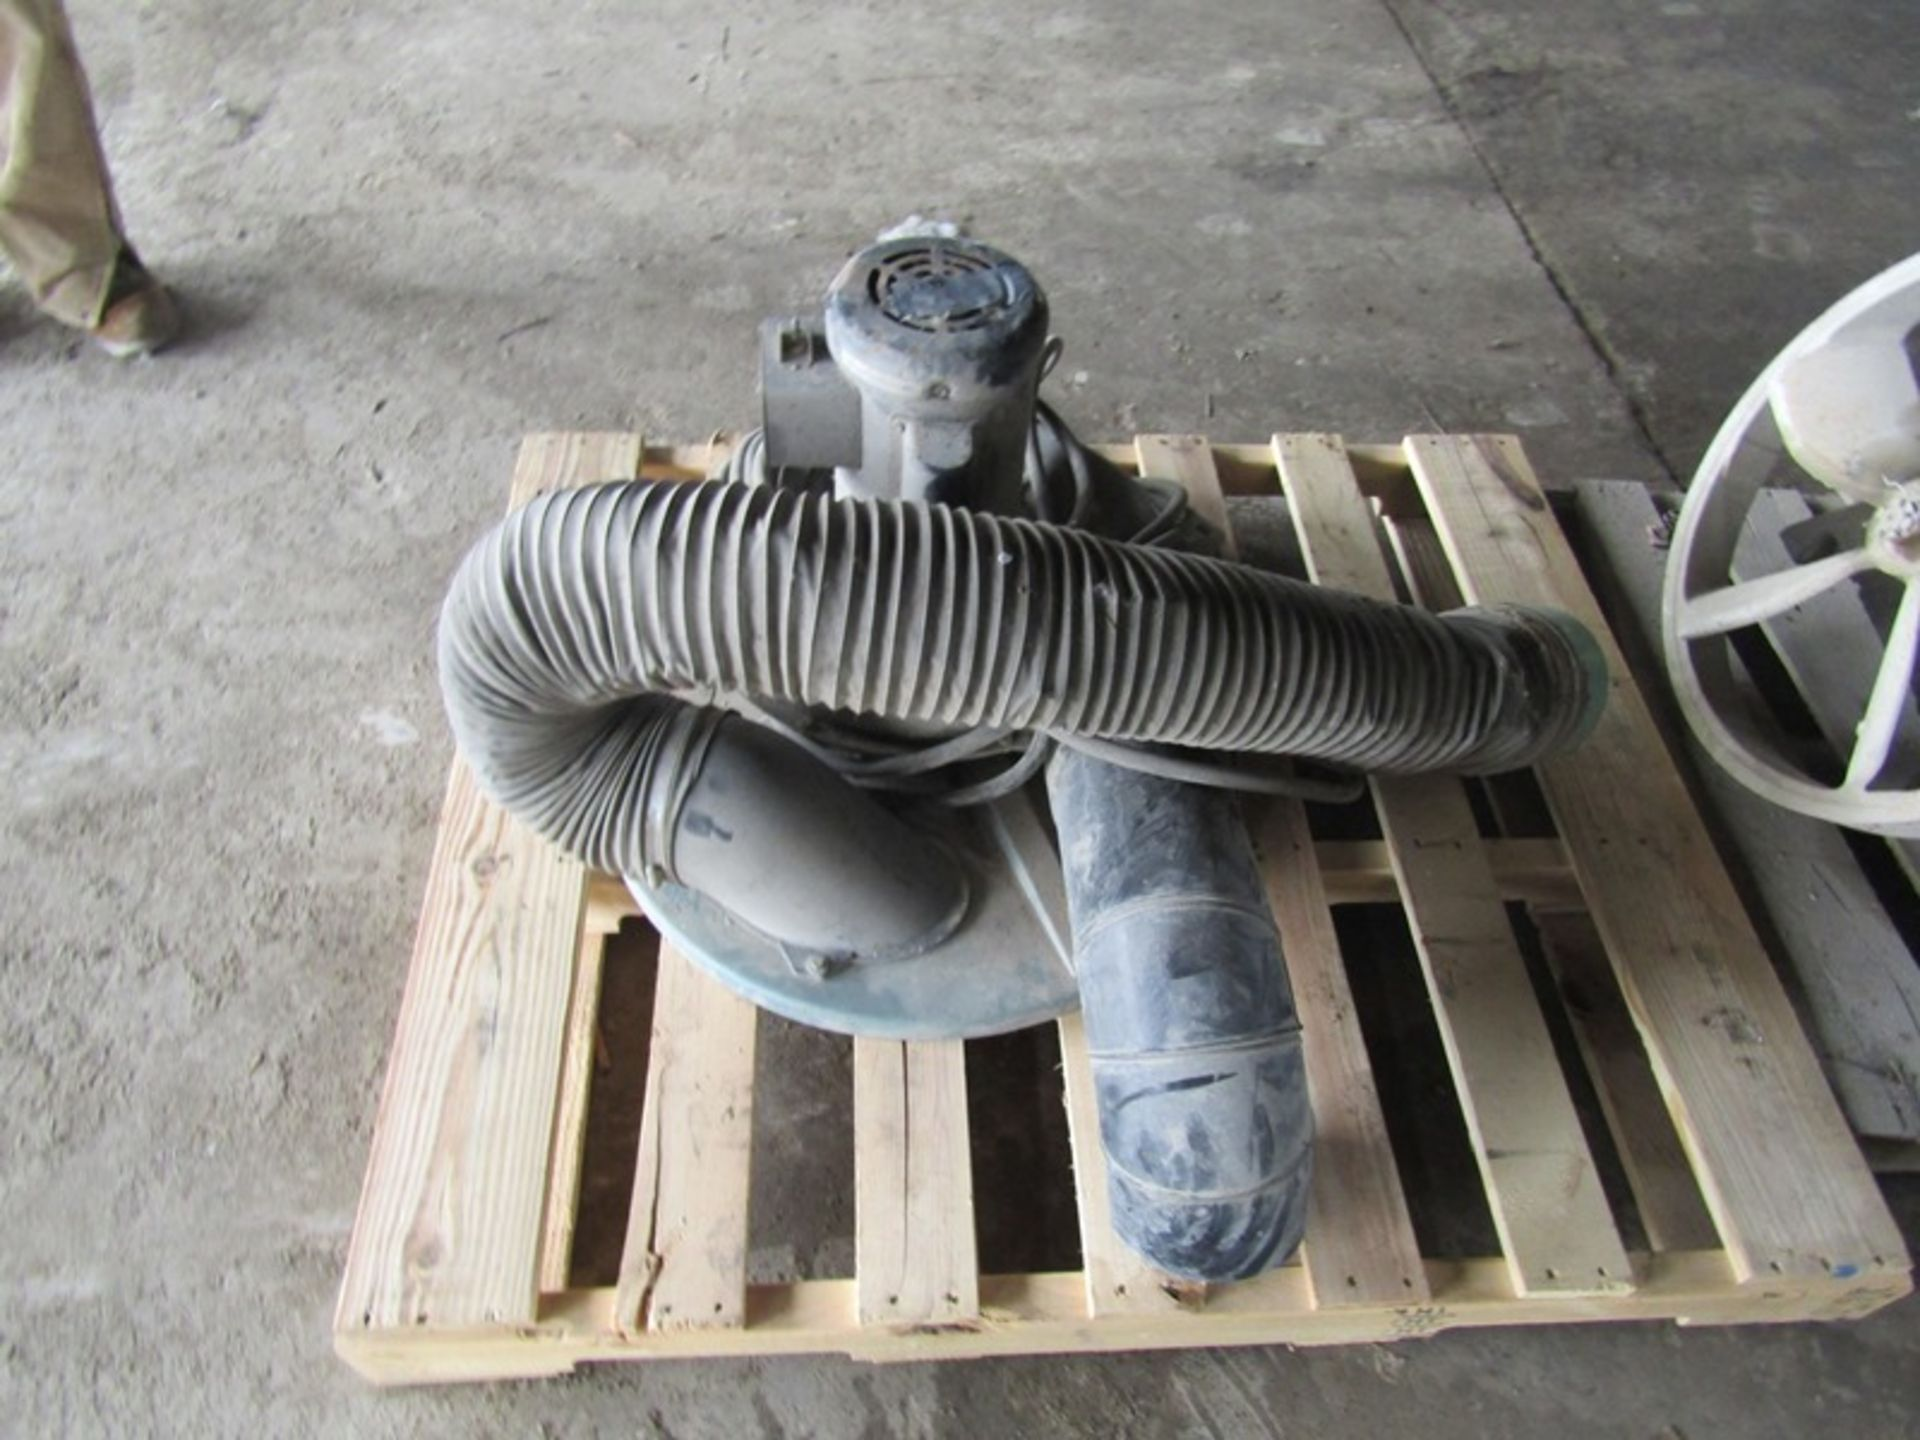 Lot 52 - Compressor & 55 Gallon Drum Vac
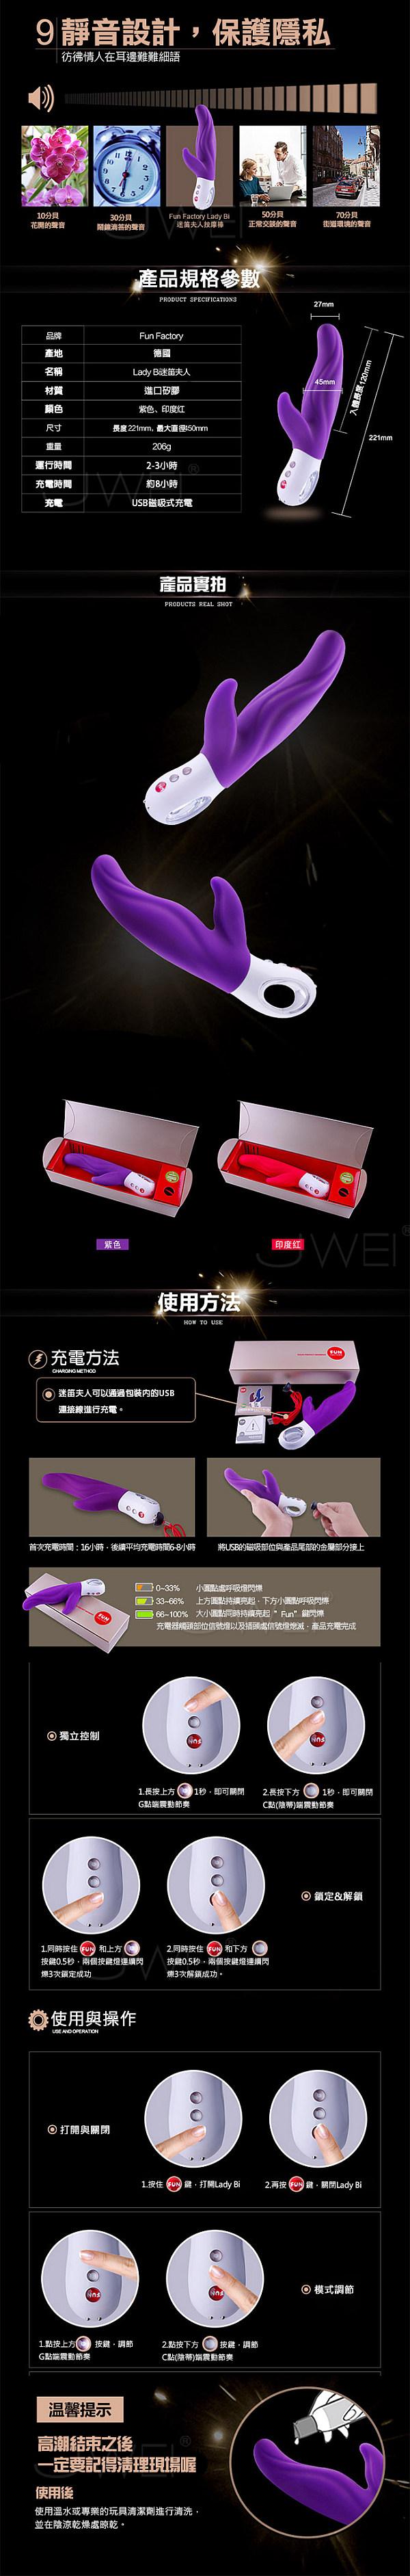 附圖6-德國FUN FACTORY.Lady Bi 碧玉夫人-充電式雙重時尚奢華按摩棒(紫色)
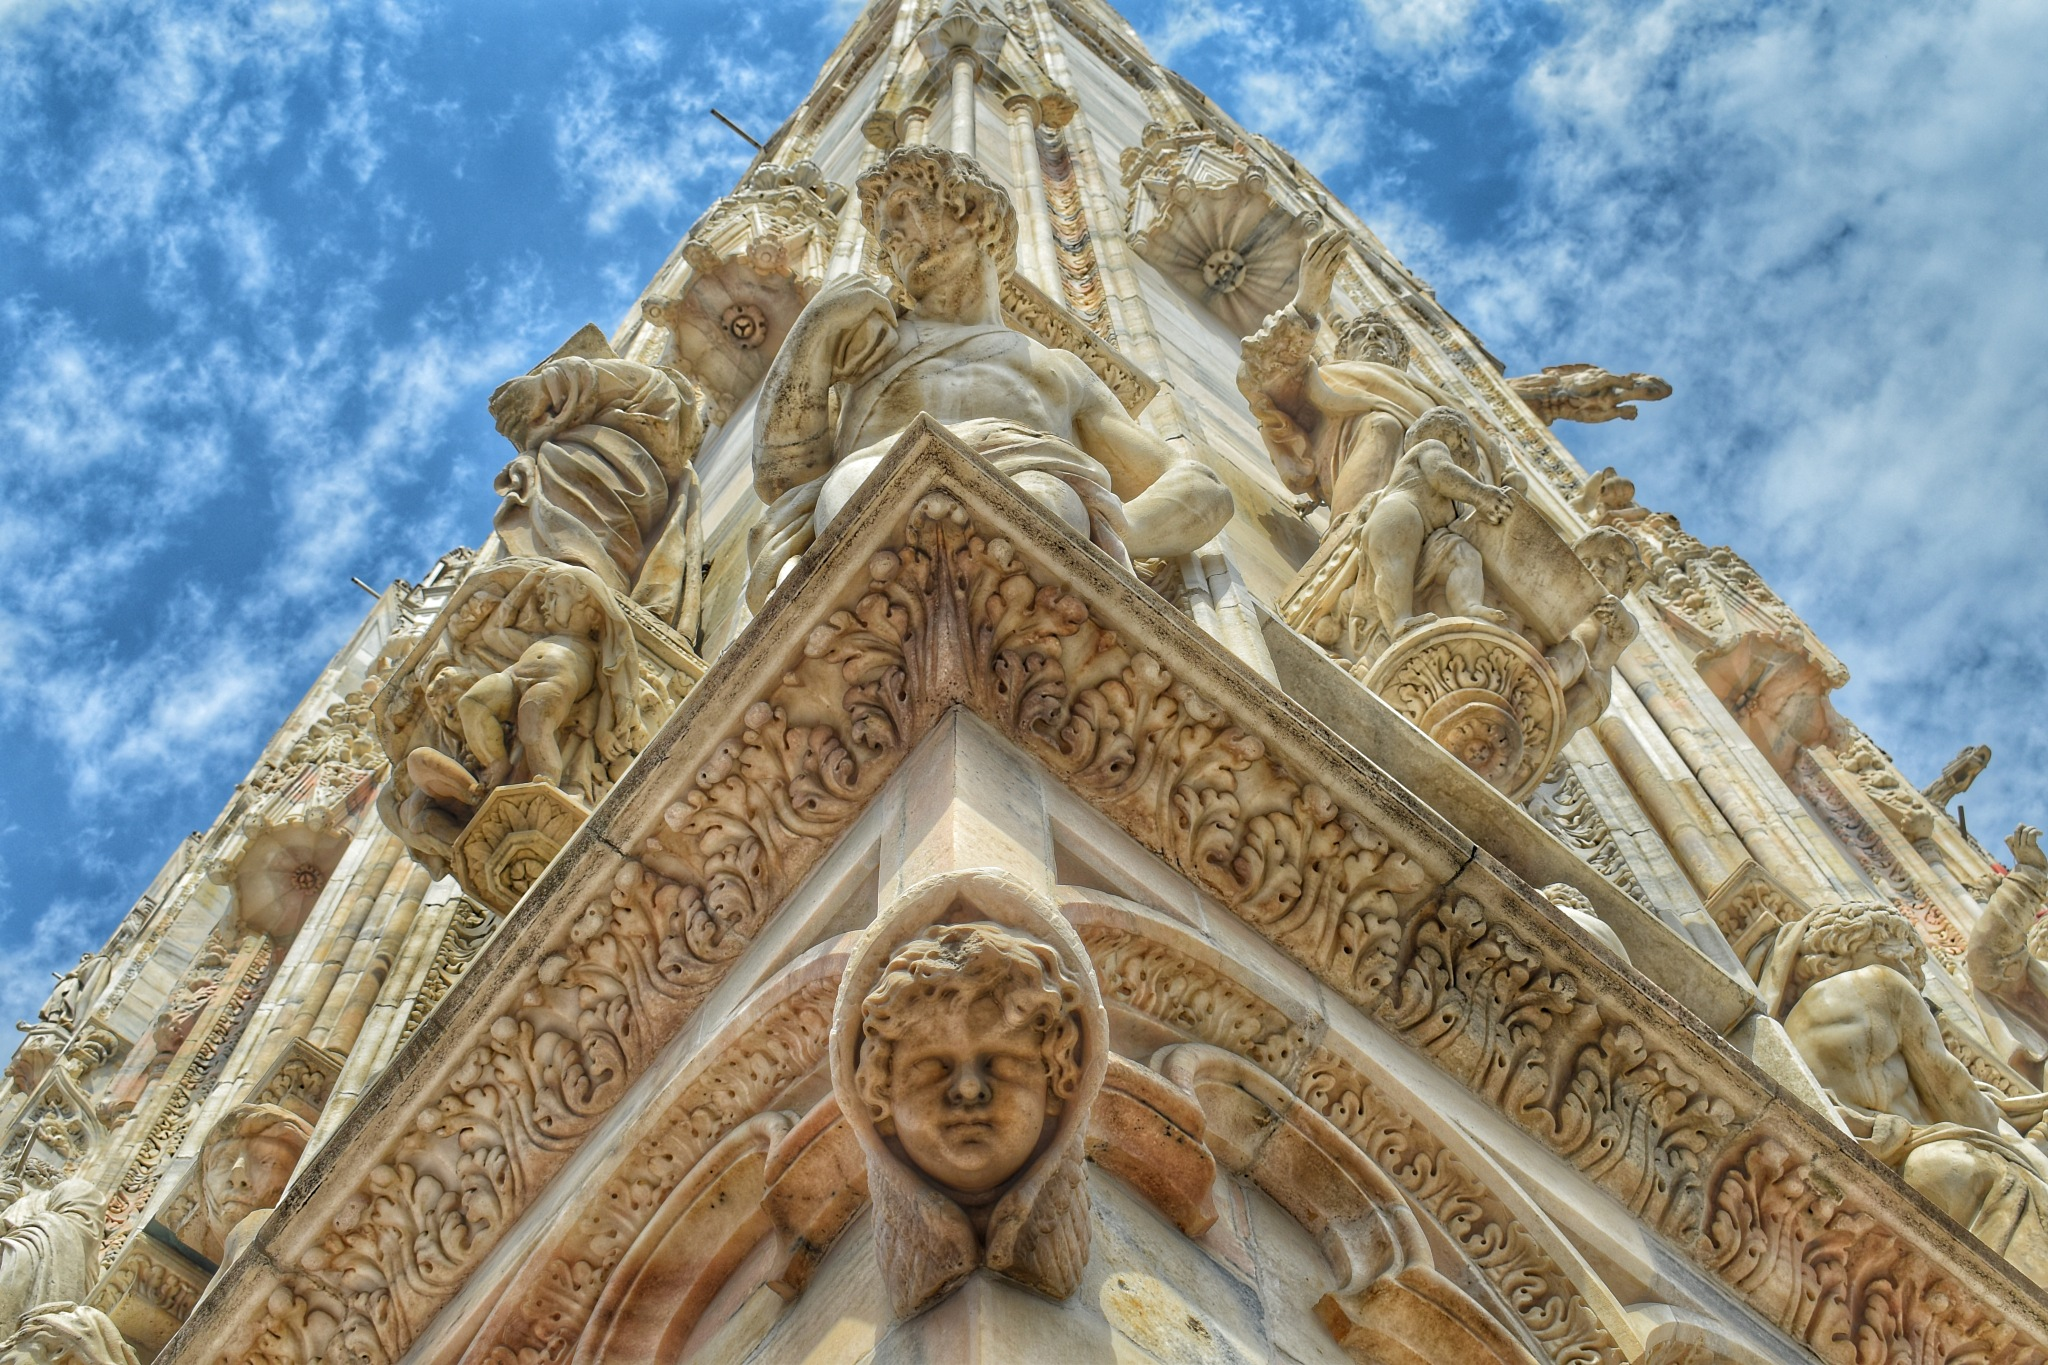 Detalle de la fachada de la catedral de Milán, Italia by Javier Gracia Alcaine
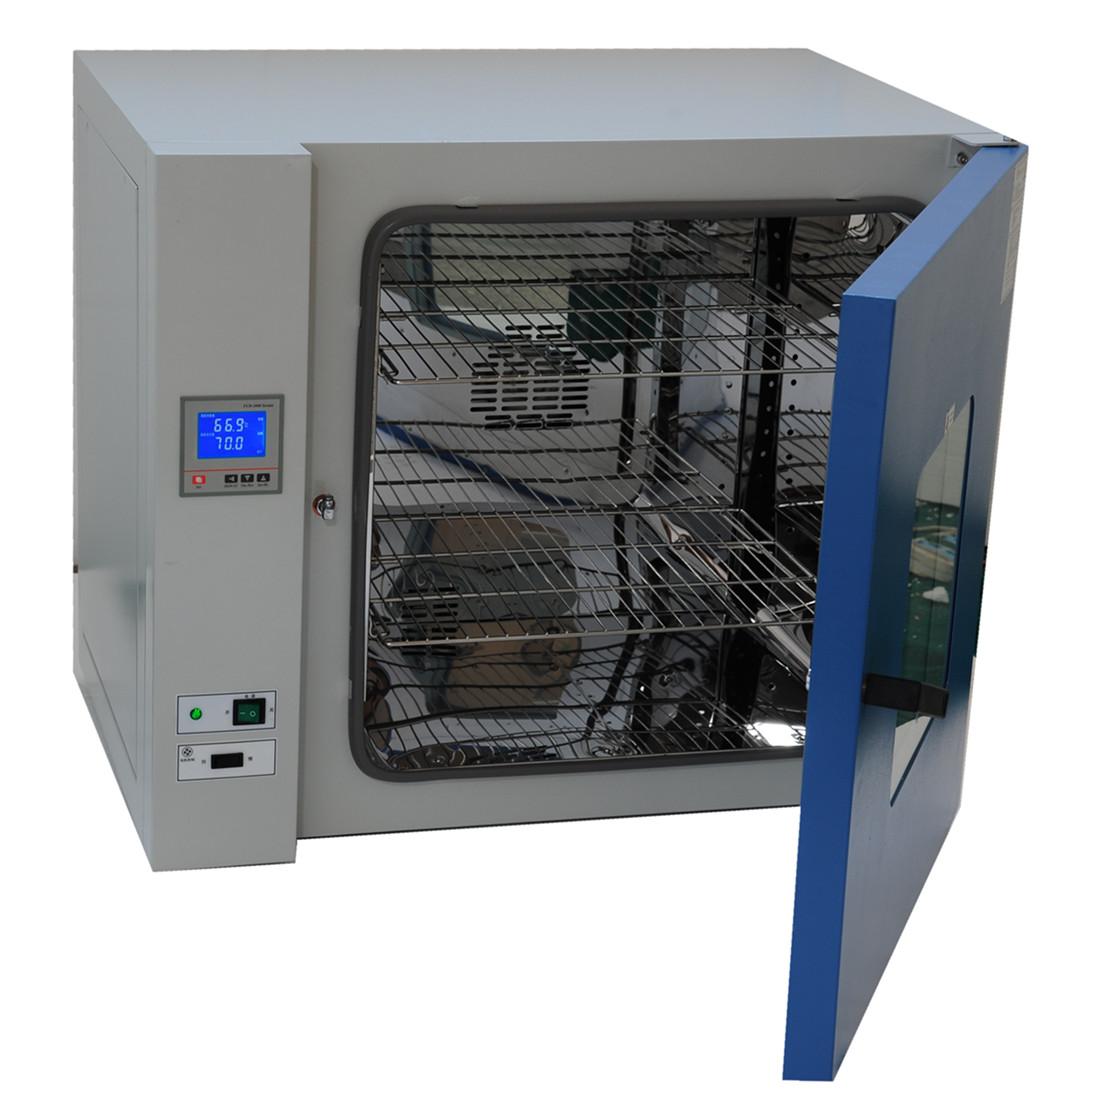 蘇州劃算的電熱鼓風干燥箱|上海廠家批發鼓風干燥箱
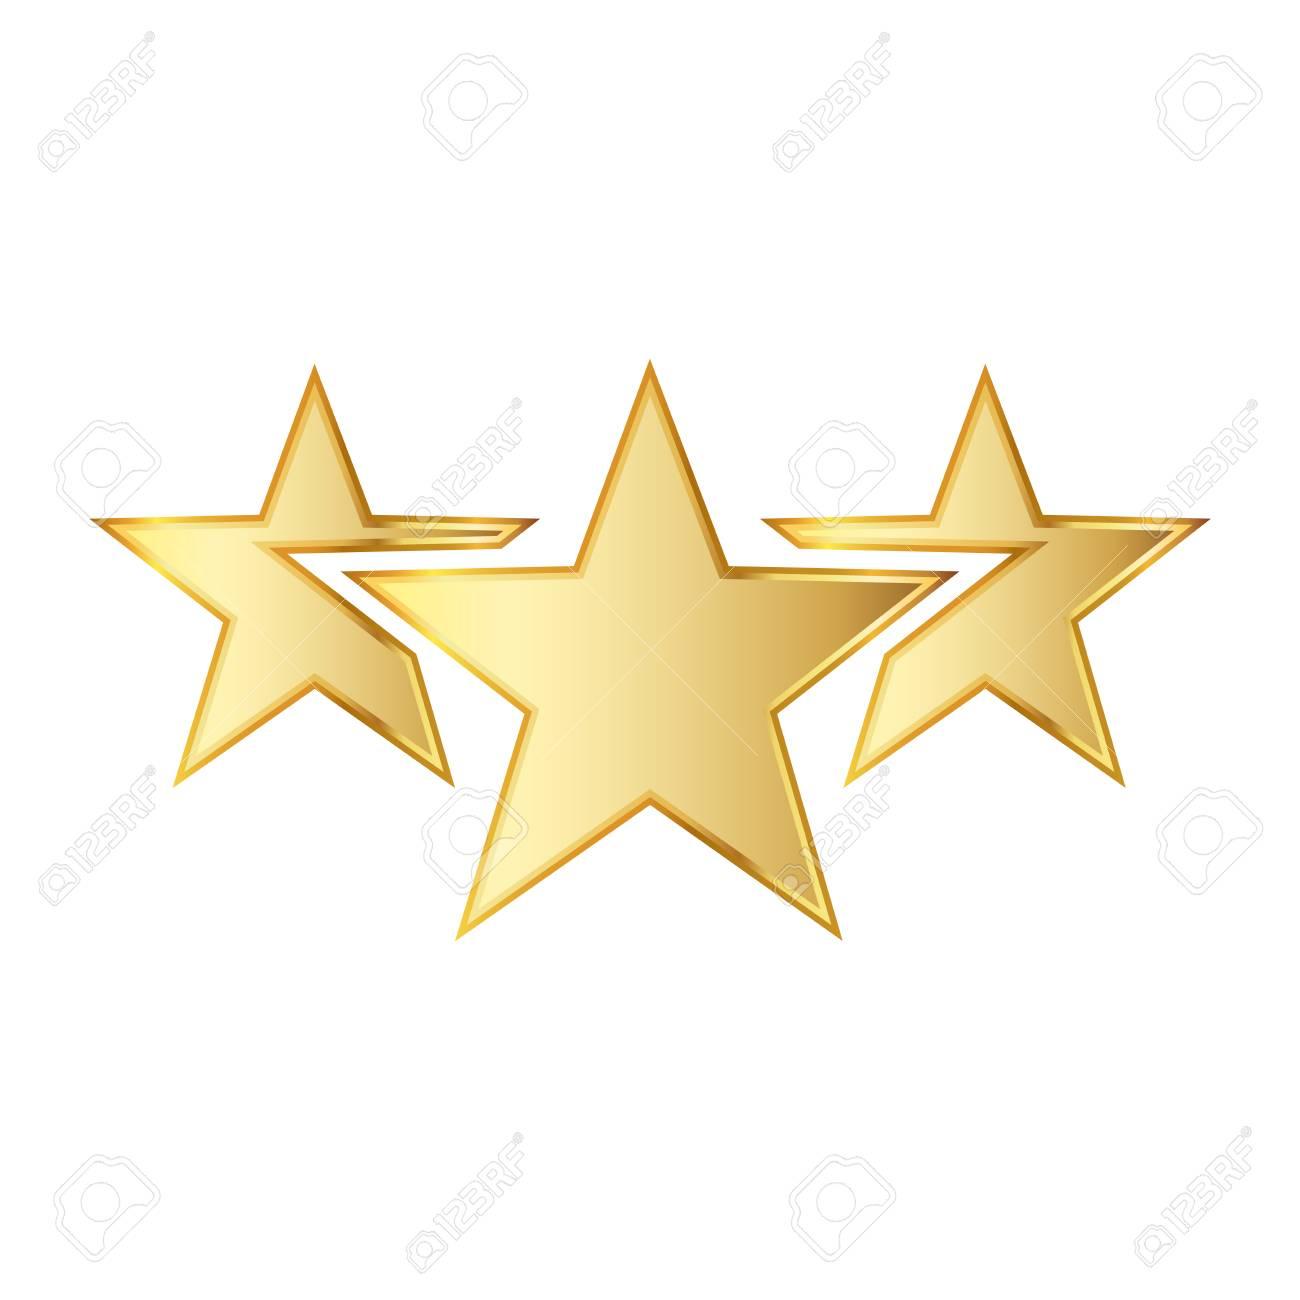 金色の星のアイコン。イラスト。白い背景の上の 3 つの金色の星

※

▶ **Assignment**:
When you print the entries, keep every line exactly as it is and drop the pictures.

▶ **Response to this exercise**:
 Lot 52 - Compressor & 55 Gallon Drum Vac
 附圖6-德國FUN FACTORY.Lady Bi 碧玉夫人-充電式雙重時尚奢華按摩棒(紫色)
 Detalle de la fachada de la catedral de Milán, Italia by Javier Gracia Alcaine
 蘇州劃算的電熱鼓風干燥箱|上海廠家批發鼓風干燥箱
 金色の星のアイコン。イラスト。白い背景の上の 3 つの金色の星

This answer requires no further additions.